Copycat Case Considers and Rejects Eleventh Circuit FDCPA Ruling

The latest update surrounding Hunstein v. Preferred Collection and Management Services, Inc., Case No. 19-14434 centers not on the Eleventh Circuit or the Hunstein decision itself but on the district courts nationwide that are considering numerous copycat cases relying on the Hunstein reasoning.

In one such recent case, Nabozny v. Optio Solutions, LLC, Case No. 21-cv-297-jdp, 2022 WL 293092 (W.D. Wis. Feb. 1, 2022), a district judge from the Western District of Wisconsin considered, and rejected, the plaintiff’s Hunstein argument, finding that Hunstein lacked persuasive authority given the recent vacatur pending a rehearing en banc. The facts in this case are nearly identical to those in all of the copycat cases being filed—the plaintiff alleged that the defendant shared information about her debt to a third party letter vendor by communicating the existence of the debt, the amount owed, the alleged creditor, and the plaintiff’s name and address. Based on these allegations, the plaintiff claimed that the defendant had violated the FDCPA by communicating about her debt with an unpermitted third party.

The court first held that the plaintiff did not have standing to bring this claim because she did not suffer a concrete harm. The plaintiff attempted to analogize her harm to the common-law tort of invasion of privacy, but the court stated that a broad relation to invasion of privacy was insufficient to satisfy the standing requirement from Spokeo, Inc. v. Robbins, 578 U.S. 330 (2016) and TransUnion LLC v. Ramirez, 141 S. Ct. 2190 (2021).

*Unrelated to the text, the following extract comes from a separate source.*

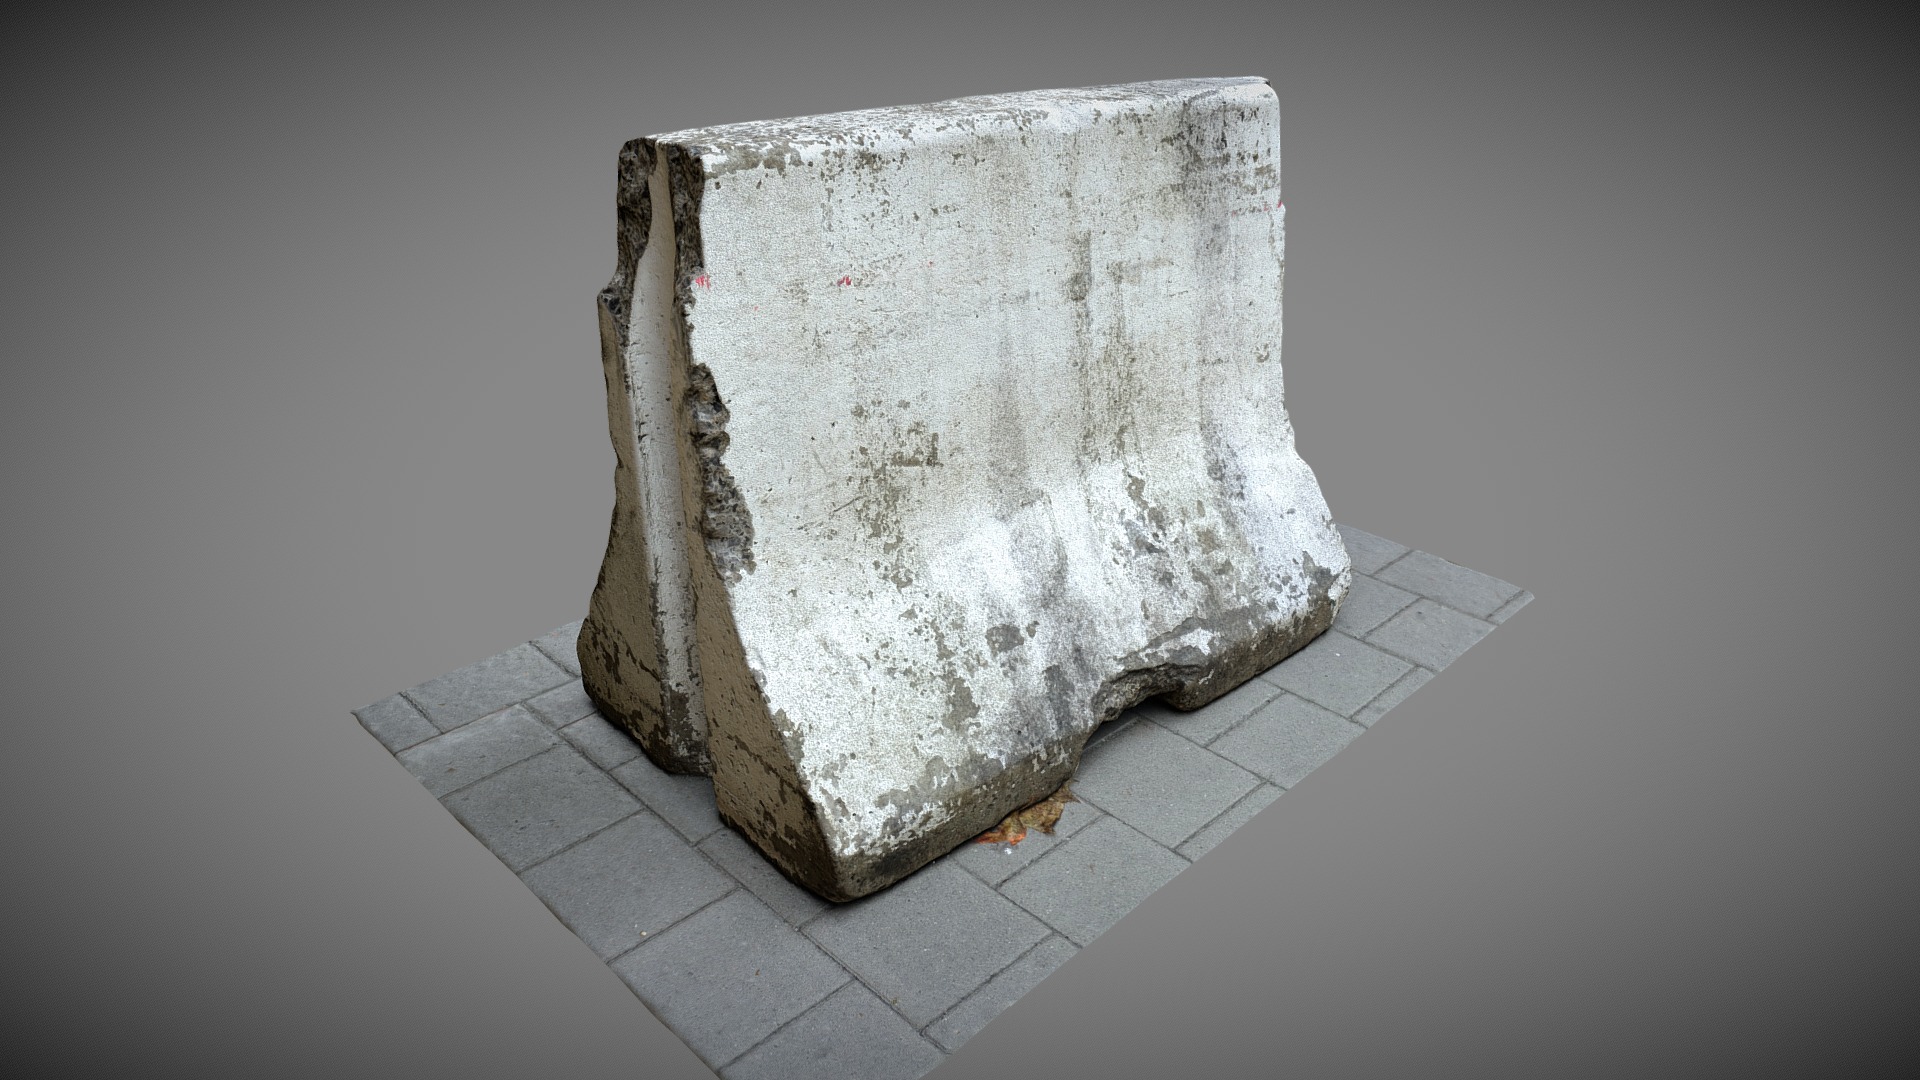 3D model Concrete block - This is a 3D model of the Concrete block. The 3D model is about a stone block on a tile floor.

Instead, the plaintiff must analogize the harm to one of the specific torts encompassed by invasion of privacy. Considering the tort of publicity given to private life, which the court recognized was the closest tort to plaintiff’s claim, the court held that there was insufficient “publicity” where the information was not disclosed to the public at large. Interestingly, the court cited and relied on a footnote from Ramirez, which was also cited in Judge Tjoflat’s dissent in the most recent Hunstein opinion. While dicta, the footnote suggested that disclosure to a third-party printing vendor was insufficient publication for a defamation claim. Both Judge Tjoflat and the judge in Nabozny found that this footnote provided insight that the court would similarly find insufficient publication here.

Finally, the court also held that Congress did not intend to protect the harm identified by plaintiff under the FDCPA. In so holding, the court relied on the text of the FDCPA as well as legislative history disclosing the privacy interest Congress was most concerned with protecting: “disclosing a consumer’s personal affairs to friends, neighbors, or an employer.” The court also pointed to the inaction of the Consumer Financial Protection Bureau. Despite the CFPB’s knowledge of the widespread use of third-party vendors by debt collection companies, it did not address the practice in its most recent updates to the regulations implementing the FDCPA. Thus, the court rejected the Hunstein opinion and dismissed the case based on lack of standing.

This recent opinion provides insight into the way that district courts are handling these copycat cases while the status of Hunstein is still unsettled, but it remains to be seen whether courts will change their approach after Hunstein is finally resolved. Oral arguments in Hunstein are scheduled for February 22, 2022. We may begin to get more answers in the coming months.